When two more classrooms are renovated in the Ousmane Sembène de Yoff High School, located in the largest district in northern Dakar, the school will have space for the 300 students meant to sit an exam known as BFEM (Brevet de fin d’études moyennes). This exam marks the end of middle school, on September 14.

Under normal circumstances, there should be 600 students sitting for the exam in that building. But without enough functional classrooms, roughly 300 students had to be moved to other testing centers. Of the 33 classrooms in the high school, only 12 are functional. The rest are in a state of intense disrepair-- worn out roofs, corroding window frames, peeling paint. 

Diakhaté’s tweet, translated from French: “We have the urgent challenge of fixing up six classrooms. We have 19 days. Students are supposed to sit for the BFEM exam here. Instead of getting angry, let’s fix what we can and allow our young brothers and sisters to perform brilliantly

Facing this impossible situation, Awa Ndiaye Sarr, the head teacher, reached out to Diakhaté and his team of volunteers to fix up the remaining six classrooms so the high school could welcome students in good conditions.

 

"We realized that a lot of classrooms weren’t functional”

Although Diakhaté, known as Junior on social media, is neither a mason nor a carpenter, he has a reputation on Twitter for fixing up dilapidated school buildings. Over the past few months, Diakhaté, who works as a teacher in Kaolac, a town 190 kilometres southeast of the capital of Dakar, has been gathering donations on social media and fixing up dilapidated classrooms. He told our team how he got started:

All the schools in Senegal have problems. They often don’t have the means to address their needs. If the roof isn’t worn out, then there aren’t enough classrooms, white boards, or other educational materials. The schools are overcrowded, and the teachers face poor working conditions.

Currently, we are fixing up our fifth classroom at Ousmane Sembène, and we will be able to finish in time. We are really happy to have risen to this challenge of fixing up six classrooms in less than three weeks. We started asking for donations on August 25. We needed a budget of about 3,000 euros to do the work properly.

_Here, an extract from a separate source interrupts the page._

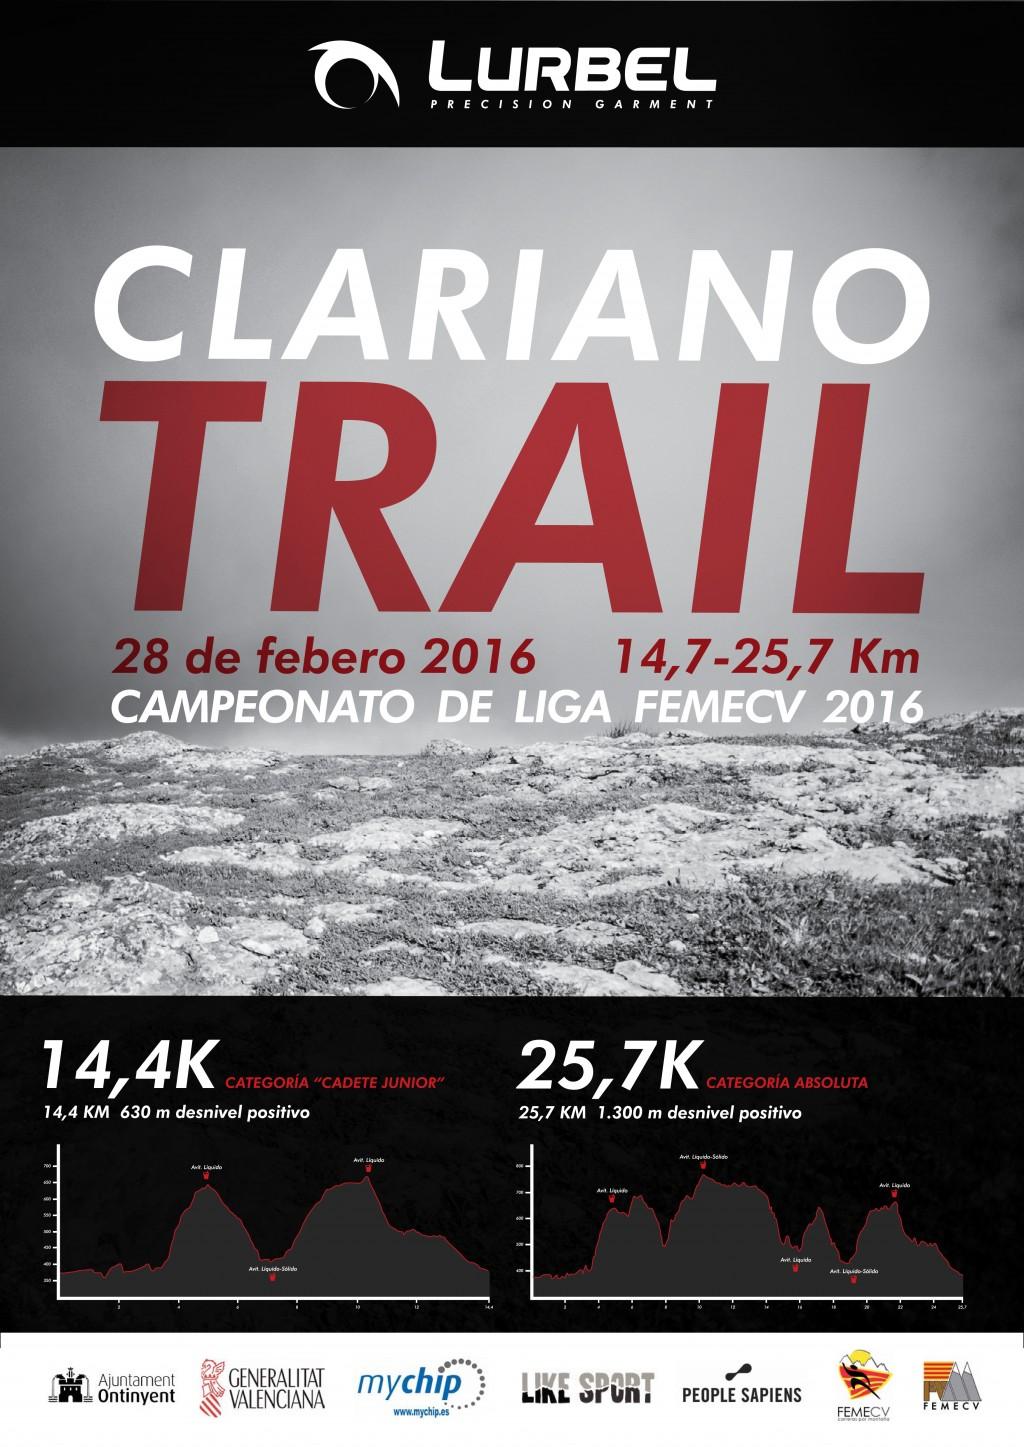 clariano_trail_0

We posted videos of the classrooms on Twitter. We raised a third of the necessary budget in the first day alone. In less than a week, we had already raised two thirds of the amount, so we were able to start working.

We fixed the roofs, which were damaged. We installed 26 new windows and new doors, too. We are currently repainting.

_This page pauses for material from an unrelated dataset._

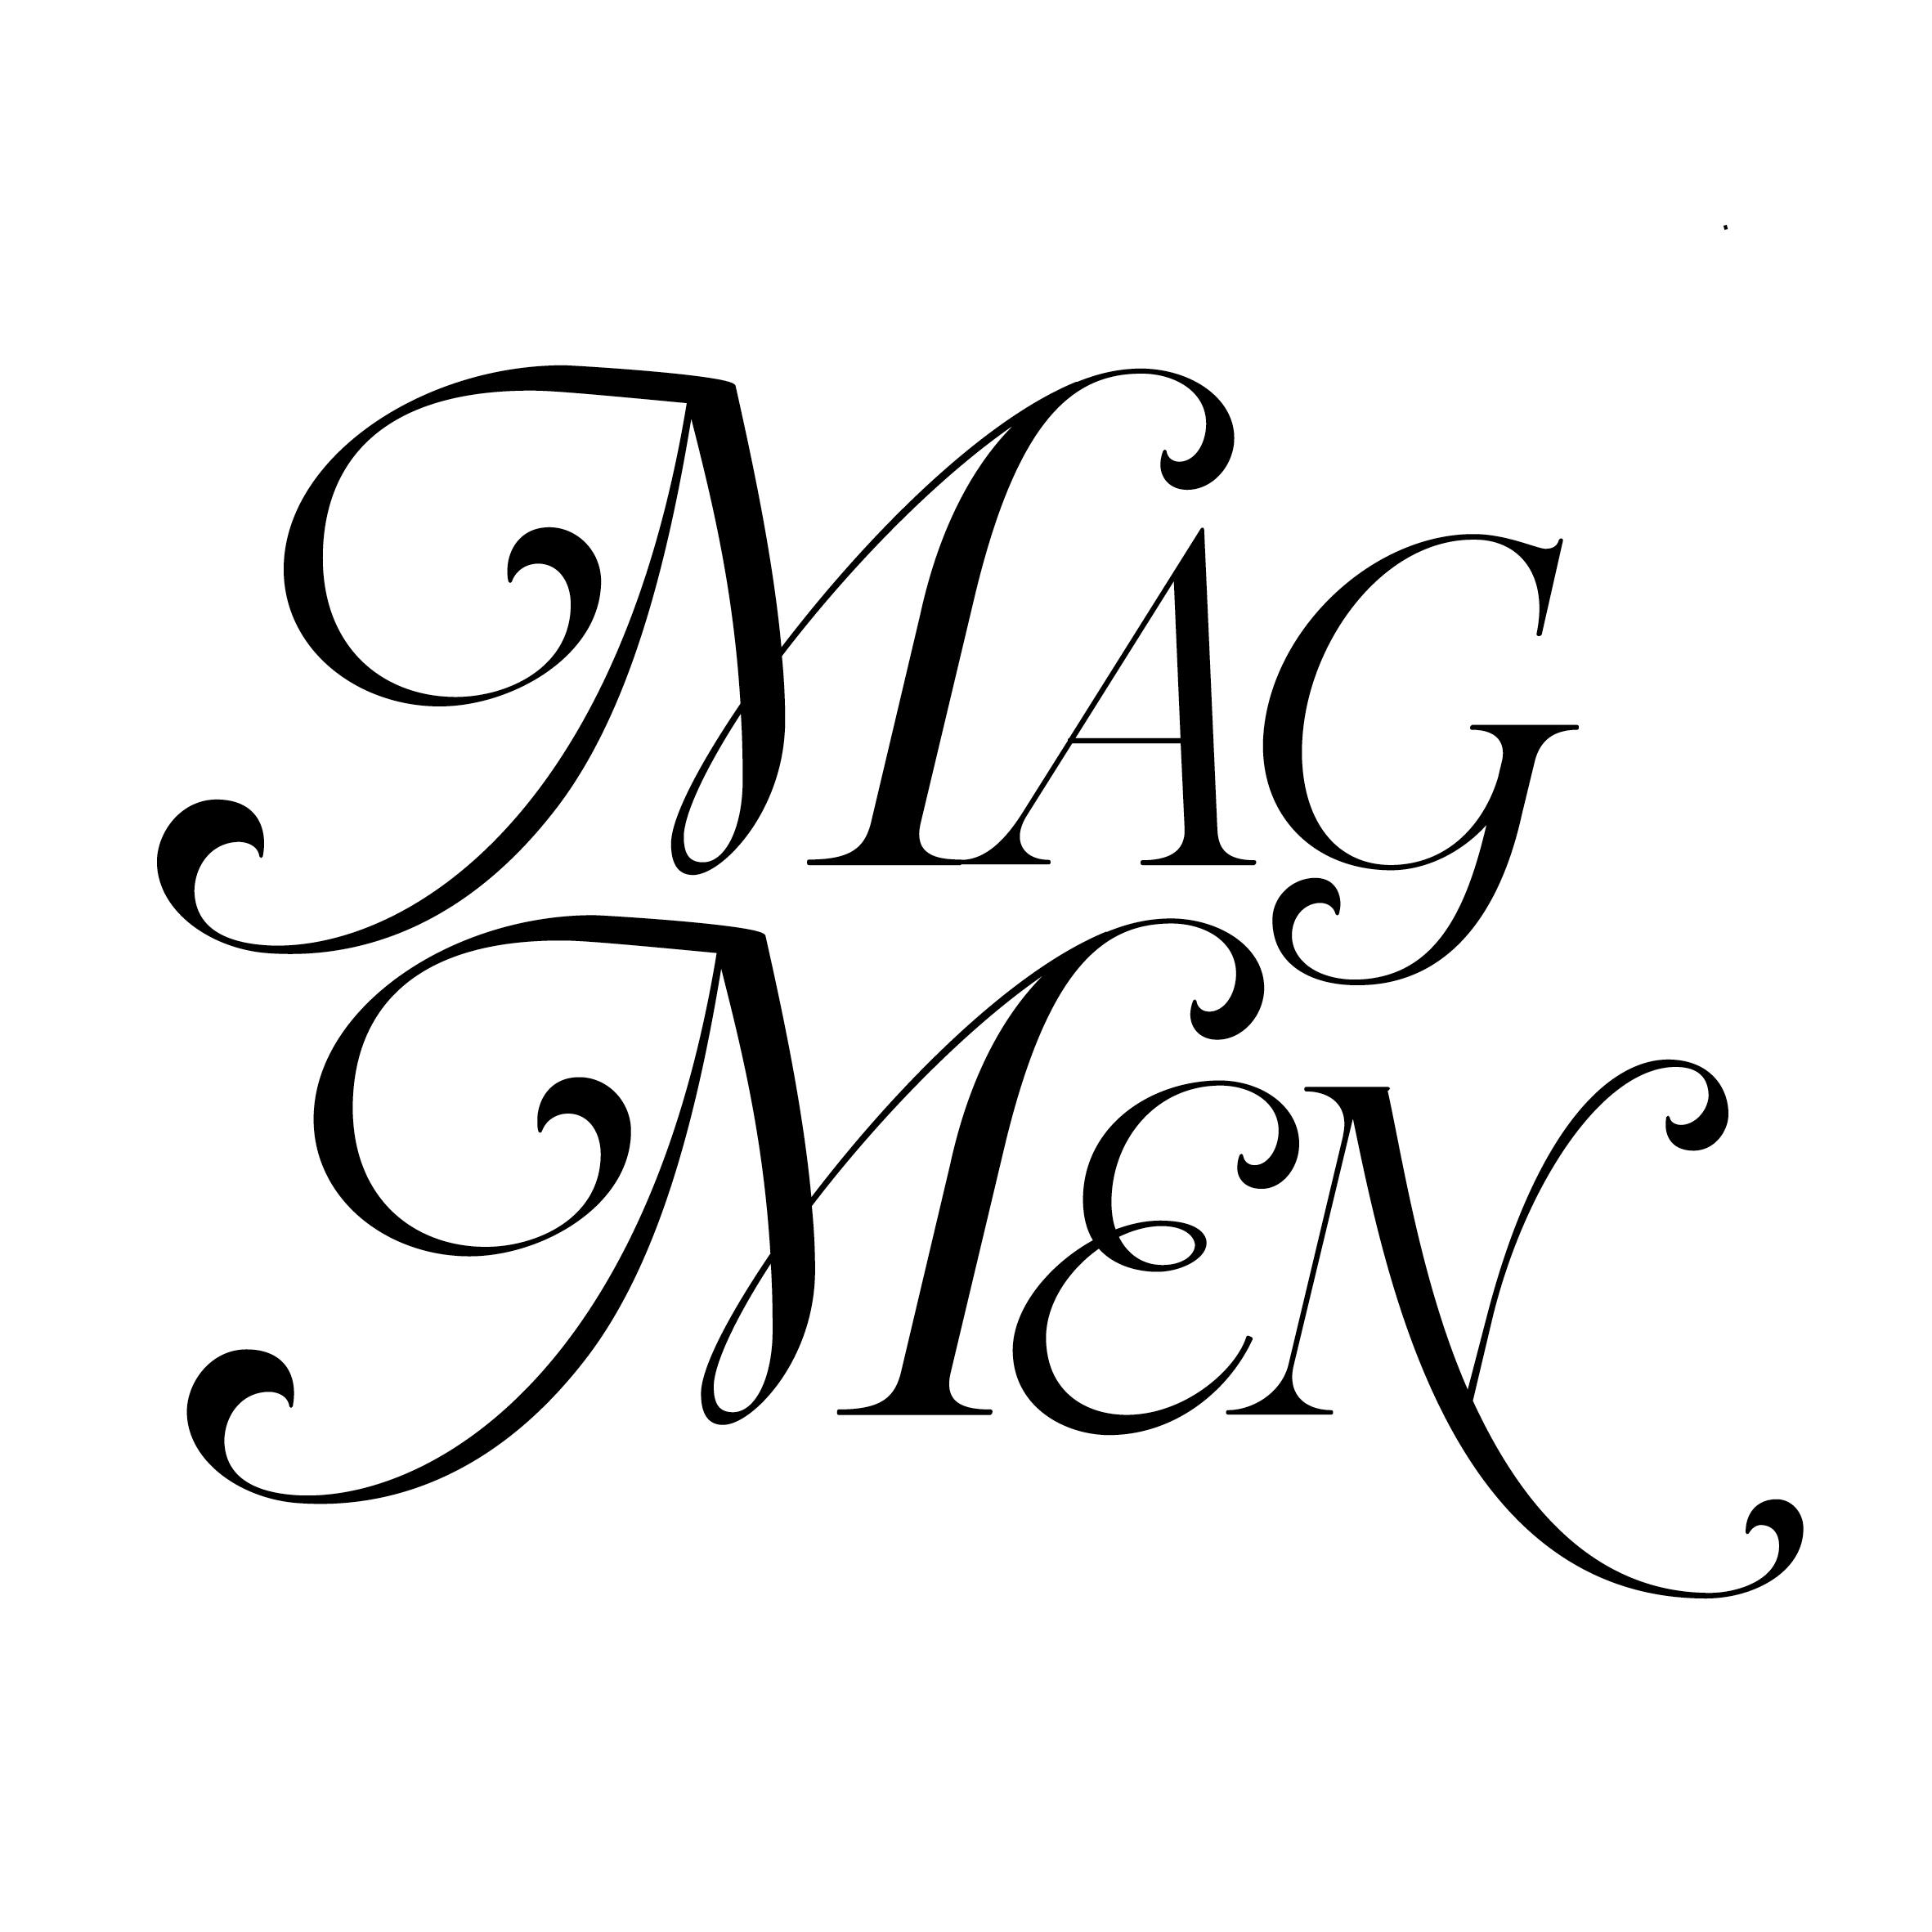 logo new york magmen2.jpg

Admire the before and after!” reads Diakhaté’s post in French.

Every evening, we post our receipts on Twitter, as well as videos showing the work that we’ve done just to be transparent. We also show everyone who's donated. People need this kind of transparency to trust us.

“Here are the expenses for today, Tuesday, September 1, 2020. If you click on the link below, you can see the budgets, our expenses and the donations, except for omissions. We’ll keep this document up to date,” reads Diakhaté’s tweet.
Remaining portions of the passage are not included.